■ WHAT YOU HAVE TO DO ■
Please write out the full listing beneath this line exactly, skipping its images.

■ GIVEN DATA ■

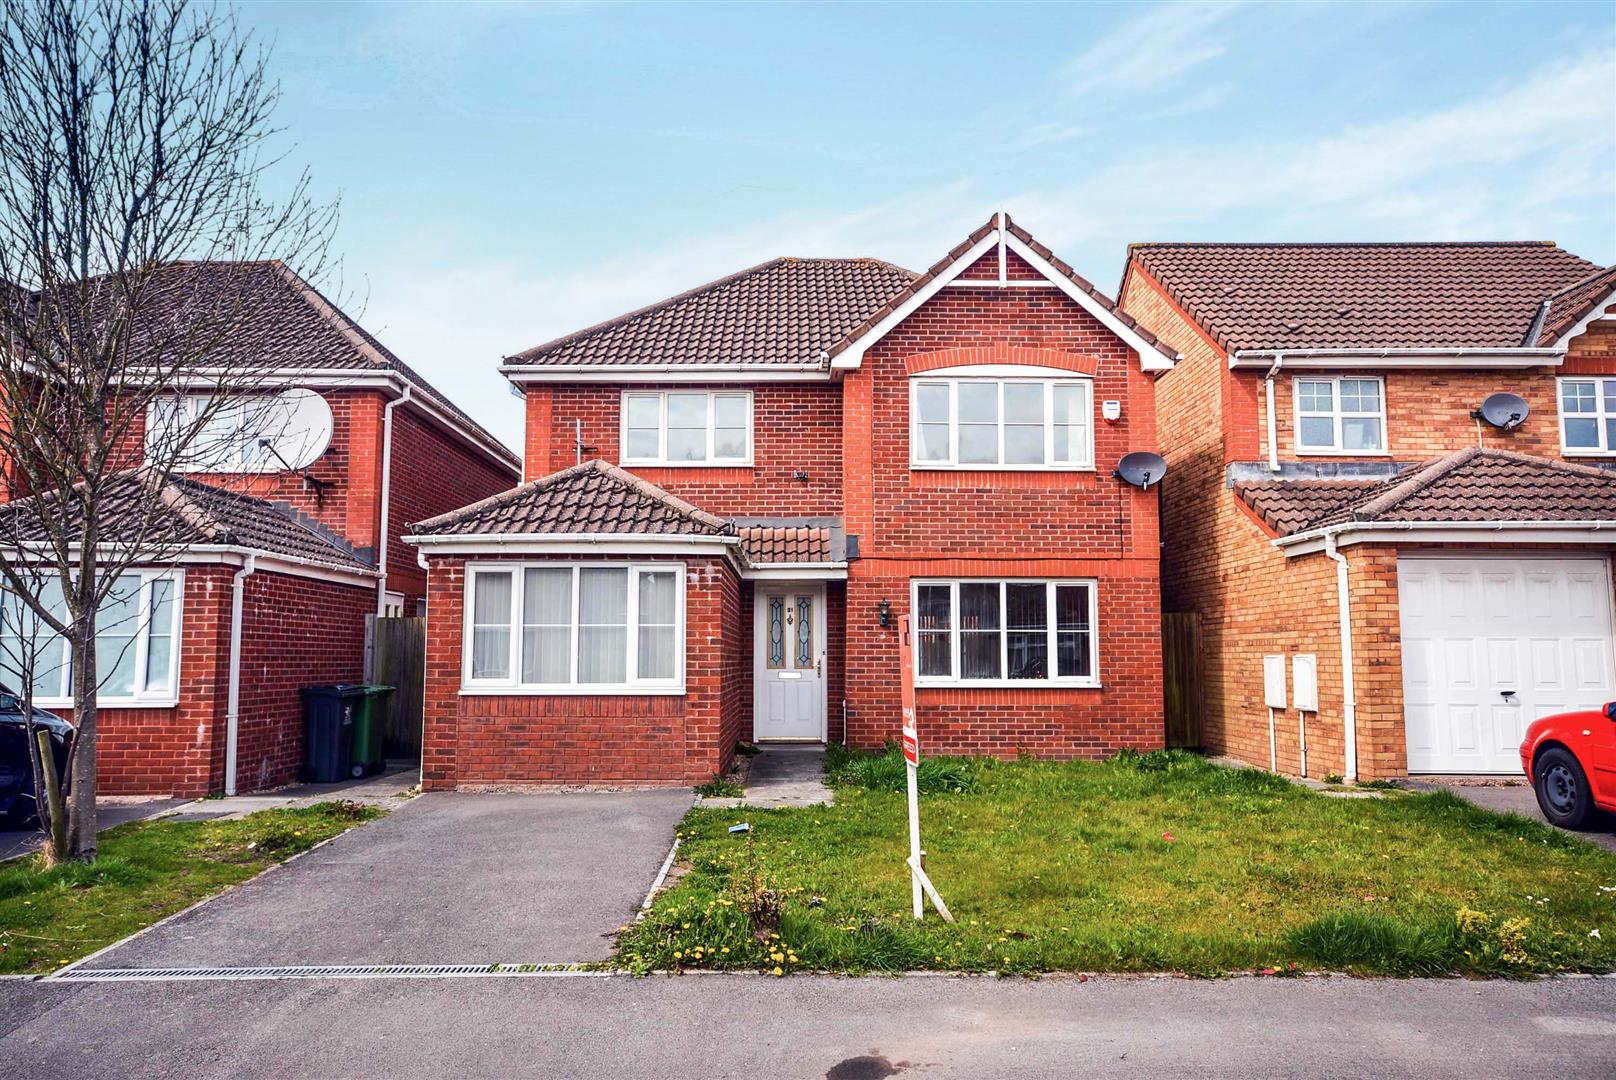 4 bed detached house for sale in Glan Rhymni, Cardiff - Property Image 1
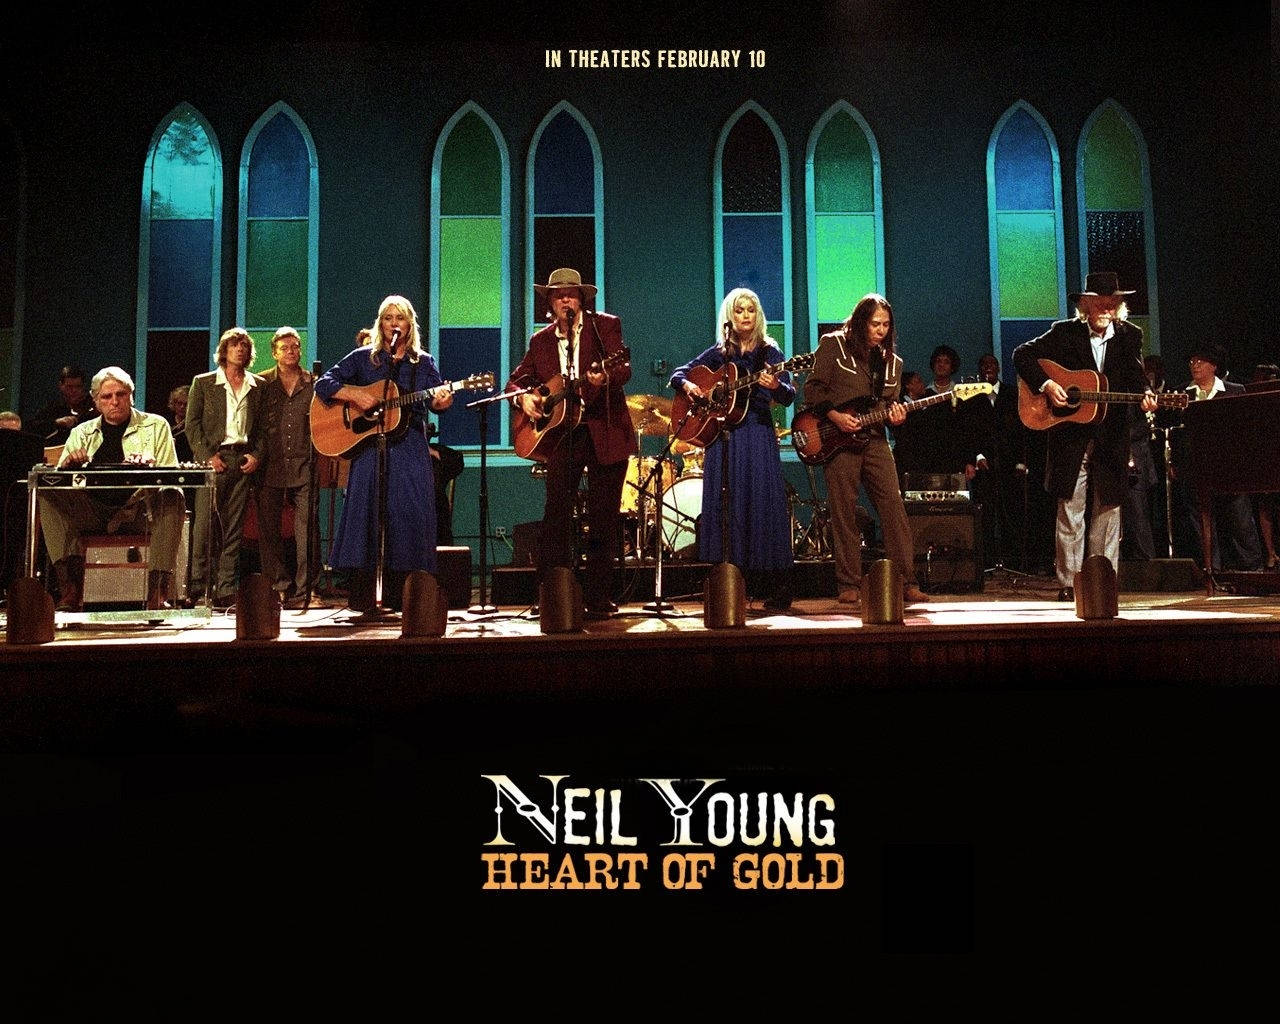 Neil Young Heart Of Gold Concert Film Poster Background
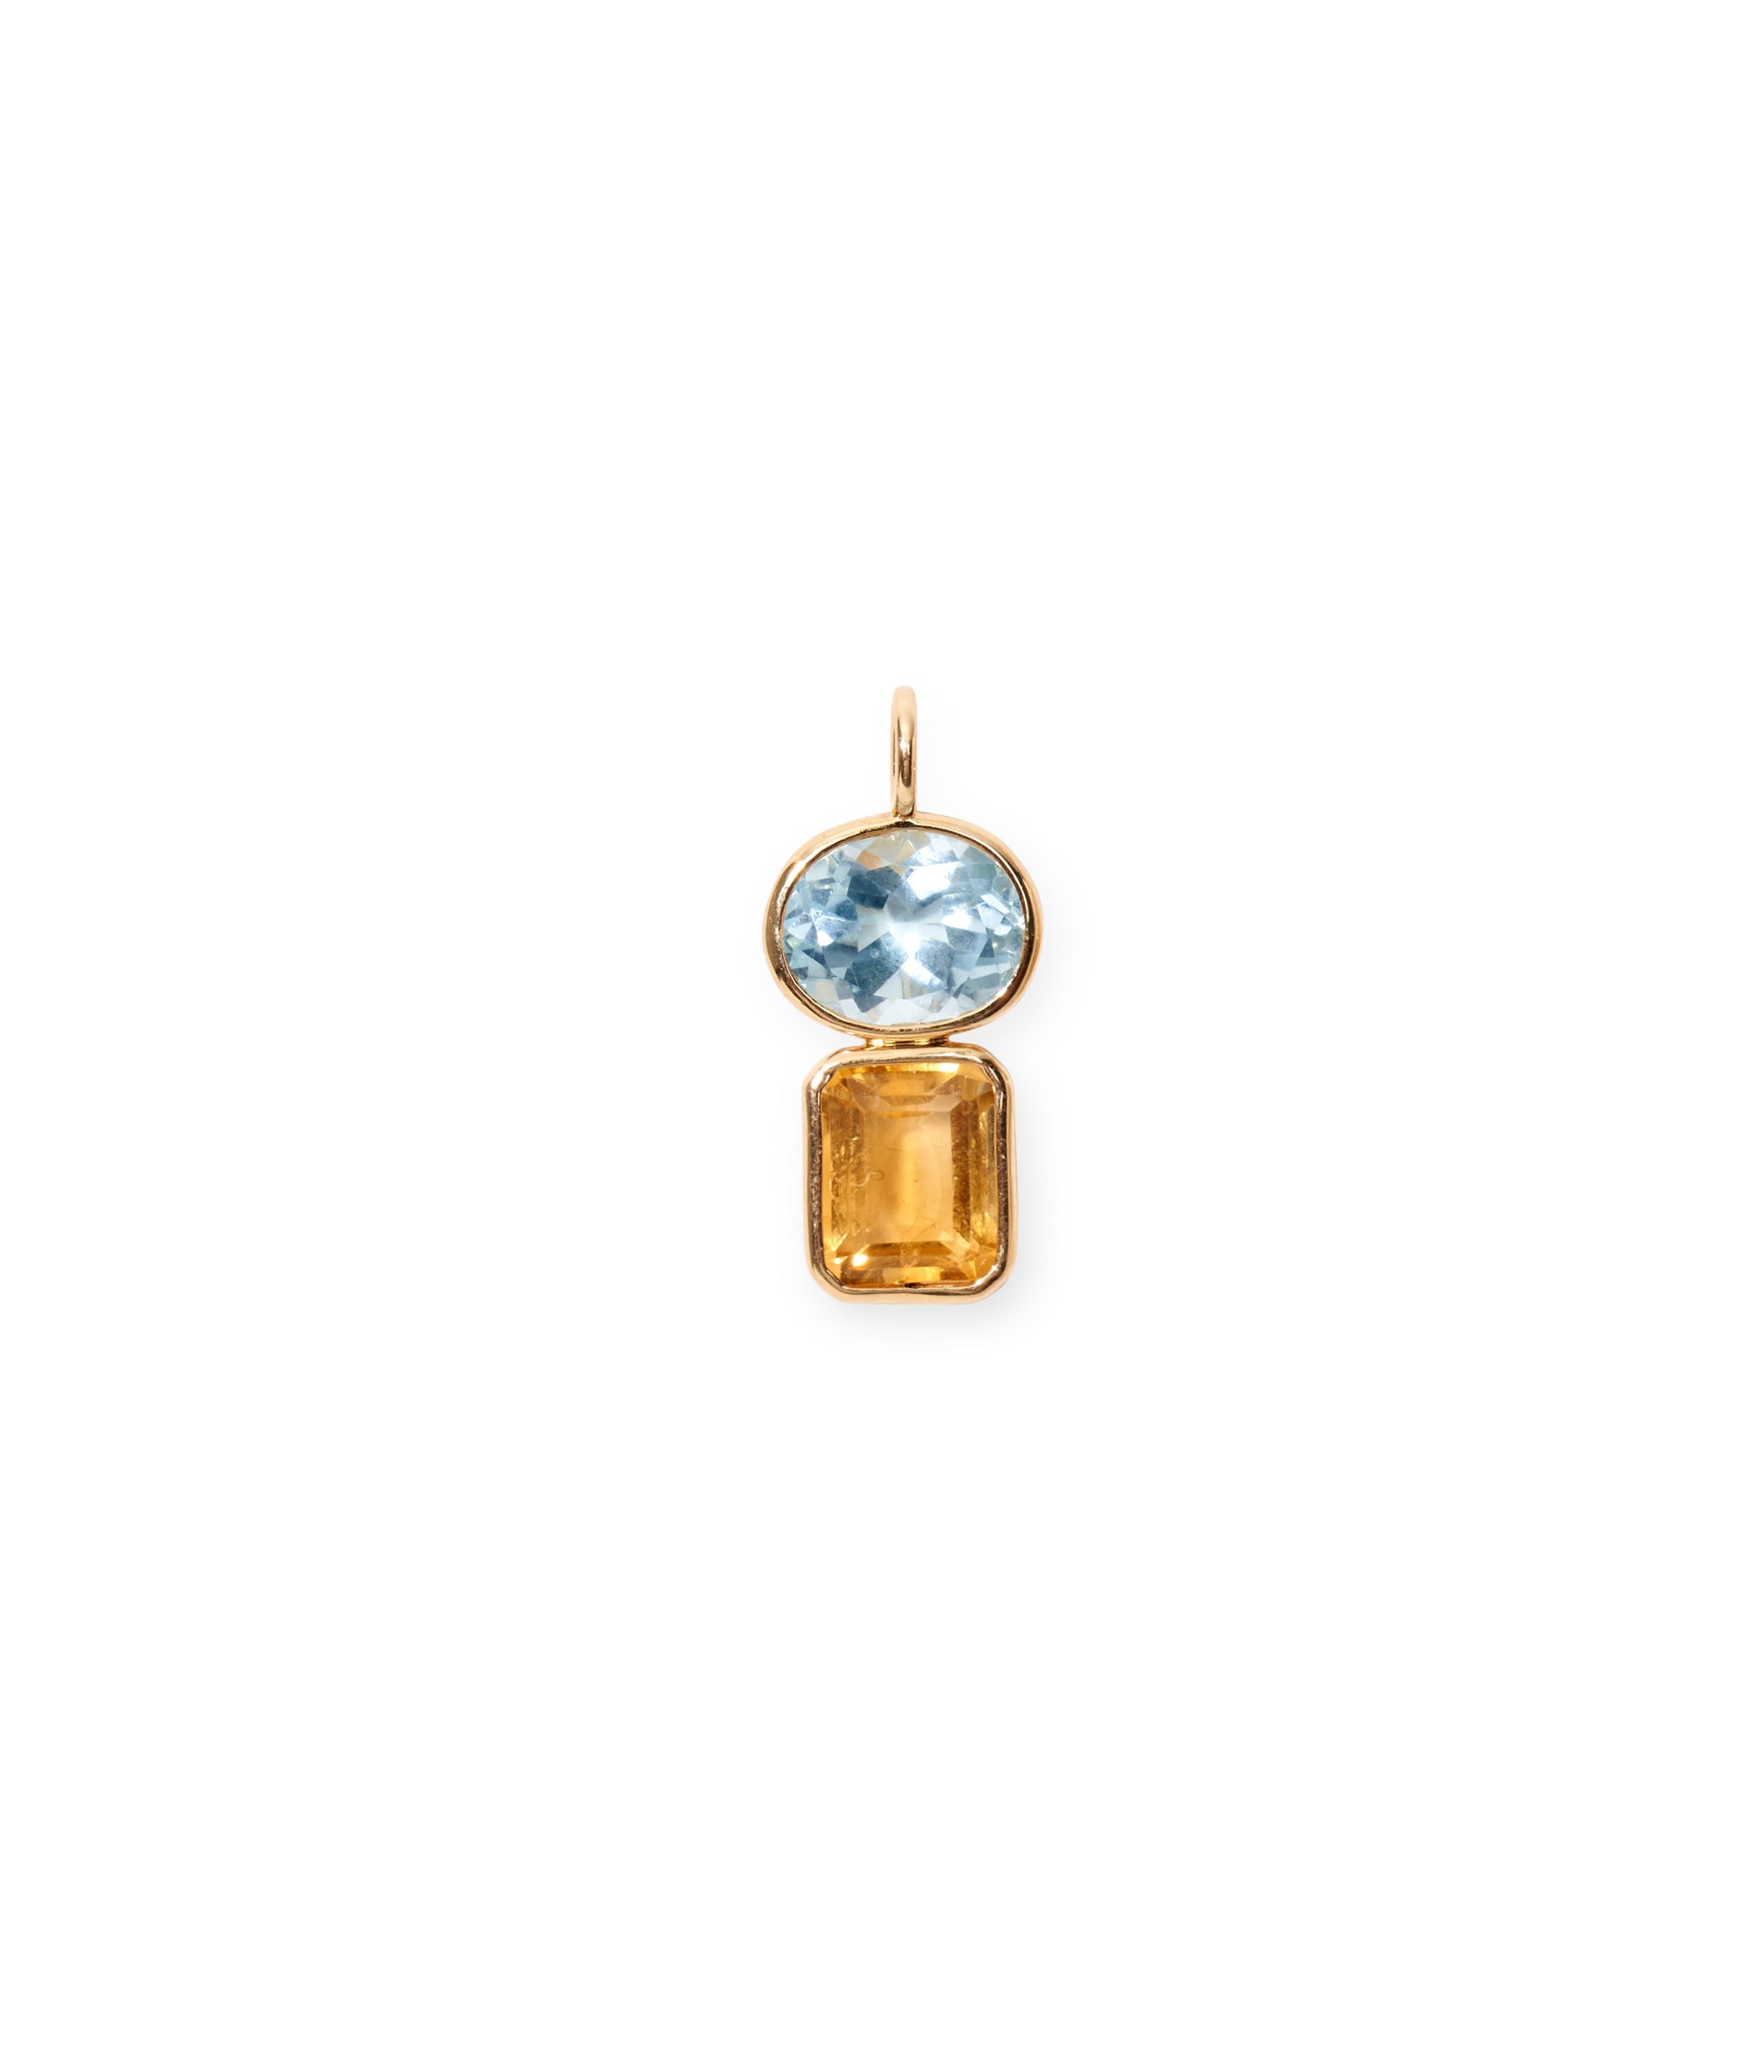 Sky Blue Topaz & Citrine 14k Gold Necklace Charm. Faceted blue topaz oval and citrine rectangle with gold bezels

■ FINAL ANSWER ■
 4 bed detached house for sale in Glan Rhymni, Cardiff - Property Image 1
 Neil Young Heart Of Gold Concert Film Poster Background
 Sky Blue Topaz & Citrine 14k Gold Necklace Charm. Faceted blue topaz oval and citrine rectangle with gold bezels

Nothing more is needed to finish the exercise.